Mapping the Distribution of Electron Temperature and Fe Charge States in the Corona with Total Solar Eclipse Observations

The inference of electron temperature from the ratio of the intensities of emission lines in the solar corona is valid only when the plasma is collisional. Once collisionless, thermodynamic ionization equilibrium no longer holds, and the inference of an electron temperature and its gradient from such measurements is no longer valid. At the heliocentric distance where the transition from a collision-dominated to a collisionless plasma occurs, the charge states of different elements are established, or frozen-in. These are the charge states which are subsequently measured in interplanetary space. We show in this study how the 2006 March 29 and 2008 August 1 eclipse observations of a number of Fe emission lines yield an empirical value for a distance, which we call Rt , where the emission changes from being collisionally to radiatively dominated. Rt ranges from 1.1 to 2.0 R ☉, depending on the charge state and the underlying coronal density structures. Beyond that distance, the intensity of the emission reflects the distribution of the corresponding Fe ion charge states.
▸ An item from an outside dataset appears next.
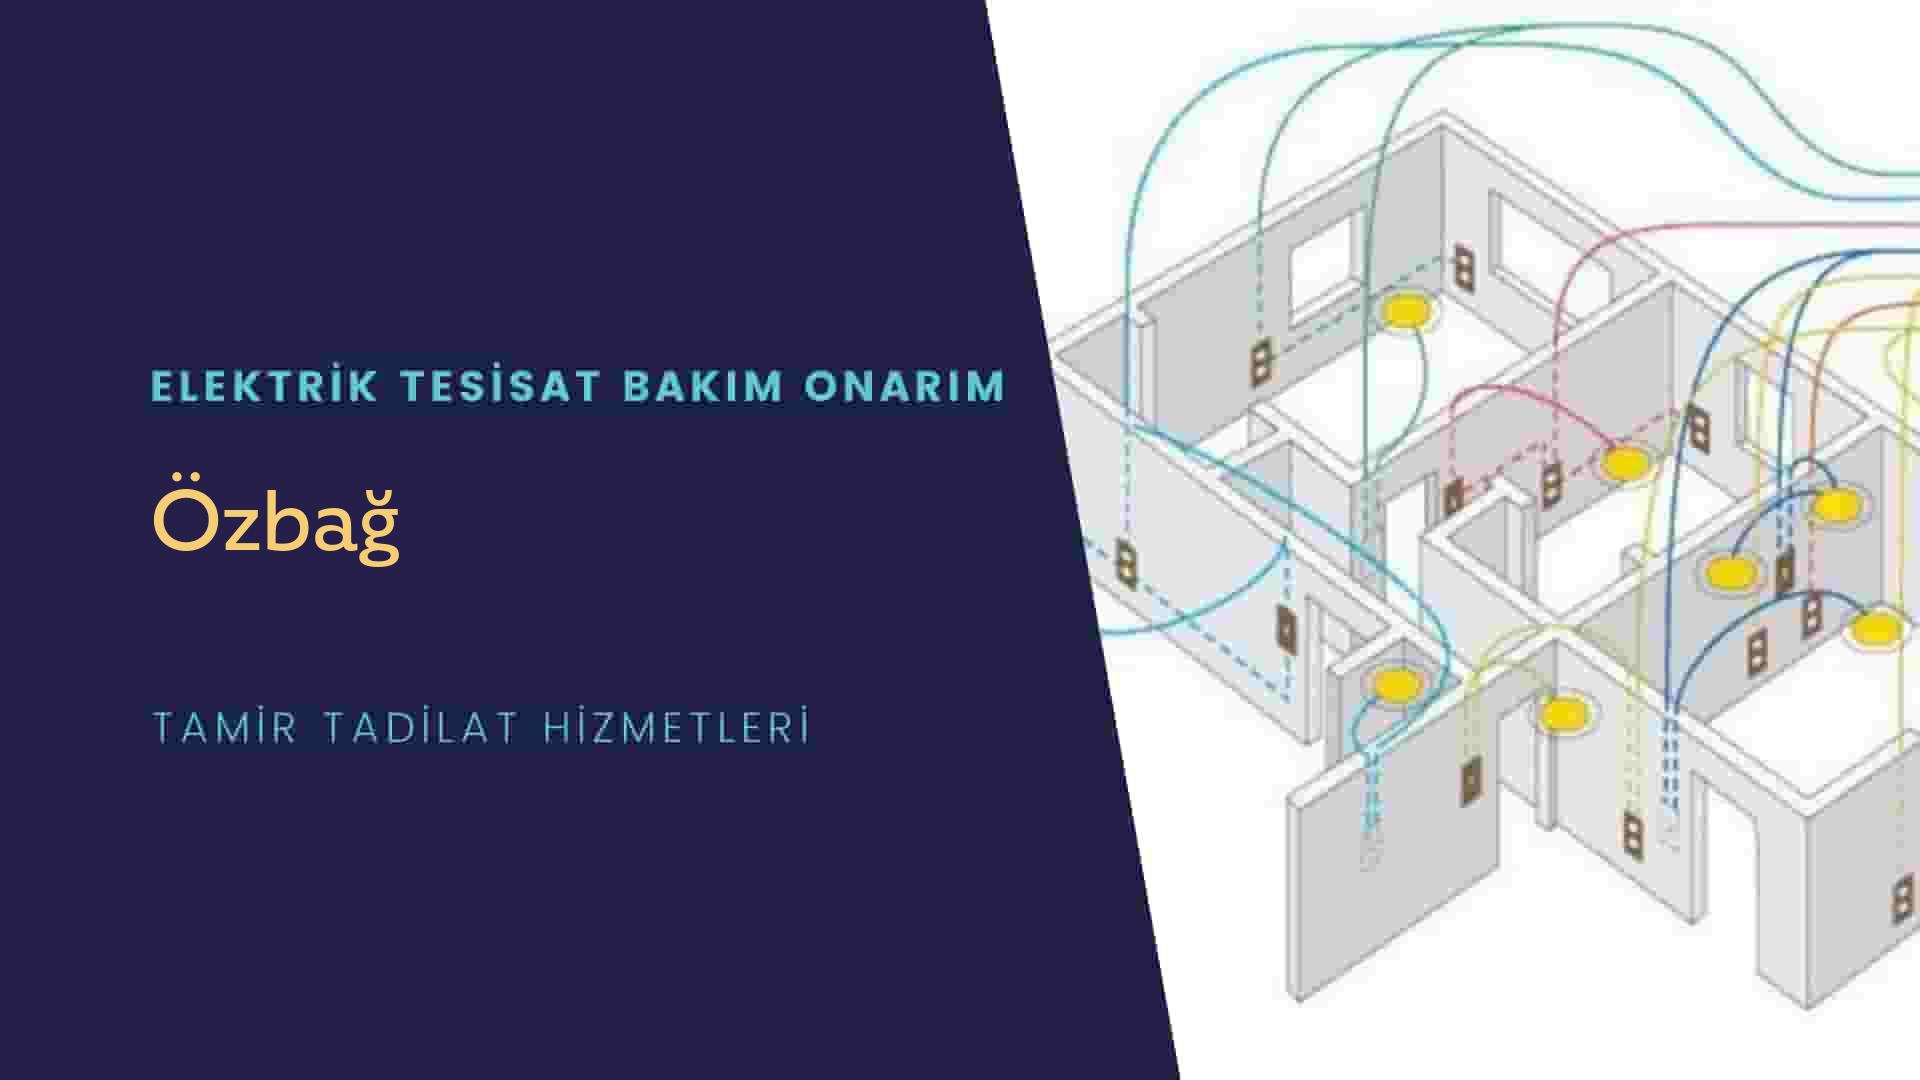 Özbağ'da elektrik tesisatı ustalarımı arıyorsunuz doğru adrestenizi Özbağ elektrik tesisatı ustalarımız 7/24 sizlere hizmet vermekten mutluluk duyar.

These observations thus yield the two-dimensional distribution of electron temperature and charge state measurements in the corona for the first time. The presence of the Fe X 637.4 nm and Fe XI 789.2 nm emission in open magnetic field regions below Rt , such as in coronal holes and the boundaries of streamers, and the absence of Fe XIII 1074.7 nm and Fe XIV 530.3 nm emission there indicate that the sources of the solar wind lie in regions where the electron temperature is less than 1.2 × 106 K. Beyond Rt , the extent of the Fe X [Fe9+] and Fe XI emission [Fe10+], in comparison with Fe XIII [Fe12+] and Fe XIV [Fe13+], matches the dominance of the Fe10+ charge states measured by the Solar Wind Ion Composition Spectrometer, SWICS, on Ulysses, at –43° latitude at 4 AU, in March-April 2006, and Fe9+ and Fe10+ charge states measured by SWICS on the Advanced Composition Explorer, ACE, in the ecliptic plane at 1 AU, at the time of both eclipses. The remarkable correspondence between these two measurements establishes the first direct link between the distribution of charge states in the corona and in interplanetary space.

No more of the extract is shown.